Business community's loyalty wanes

Another critical source of support for Assad has been Syria's businessmen, who have remained loyal through several rounds of sanctions on the country.

However, The Financial Times reports from Damascus that their steadfast support could be at its breaking point with the European embargo on Syrian oil imports expected to begin later this week. (The blog Syria Comment posted the full content of the article, typically behind a paywall, here.)

Syrian businessmen say that could spell disaster for their businesses and the Syrian economy, already on its knees after five months of protests and violence.

“The effect of sanctions will be dramatic,” says one leading business figure in Damascus. “Business is already basically zero; this is just going to mean a slow death for the economy.”

Another person in the business services sector agrees, arguing that relations with Syria’s biggest trading partner are crucial. “[Syrian allies] Russia and China are no substitute for the EU,” he says. “Losing it will be disastrous.”

No member of the business elite has publicly denounced the regime. But while the elite is regarded as a crucial pillar of support for Bashar al-Assad, the president, there are signs it is becoming increasingly sympathetic to the protesters’ cause.

The business community is beginning to blame the regime for their misfortune, despite the regime's efforts to direct their anger toward the US and Europe.

“The regime has sacrificed the economy for its own survival,” one businessman interviewed by the Financial Times said.

Mr. Khouri writes that the Syrian government has squandered the formerly steadfast support of groups like the business community and Army and remaining support is no longer borne of loyalty, but fear.

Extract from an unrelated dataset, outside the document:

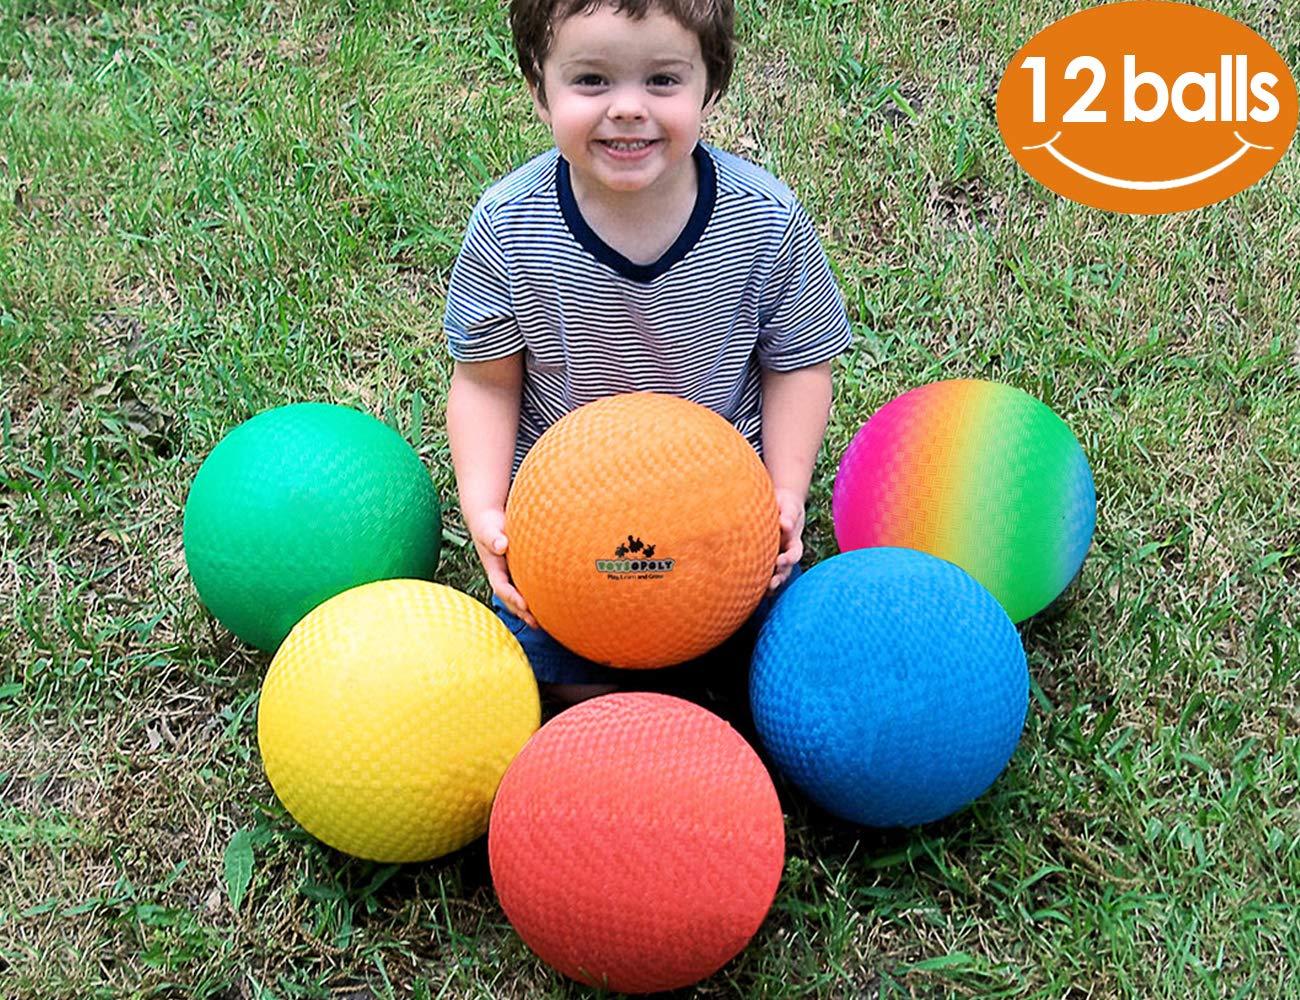 ToysOpoly プレイグラウンドボール 12 Balls B07HKD8BJ5  12 Balls

The problem that Assad and his system now face is that he has wasted much of that support and legitimacy, and is now ‘strong’ in a very different and much more vulnerable manner. The Syrian regime is strong now in the same way that a company of soldiers is strong when grouped together in a fortified camp that is totally encircled by hostile forces. The regime still has decisive leaders, many security services, a core political/demographic base of support at home, plenty of tanks and ammunition, billions of dollars of money, and tens of thousands of foot soldiers. All these assets, however, are bunched into an increasingly smaller and smaller space, with fewer and fewer regional or international connections of any sort, and are confronting mass popular rallies that steadily grow in frequency, size, bravado, and political intensity around the country. Using battlefield tanks to kill your own civilians inside cities is not a sign of strength, but rather of savagery born of desperation.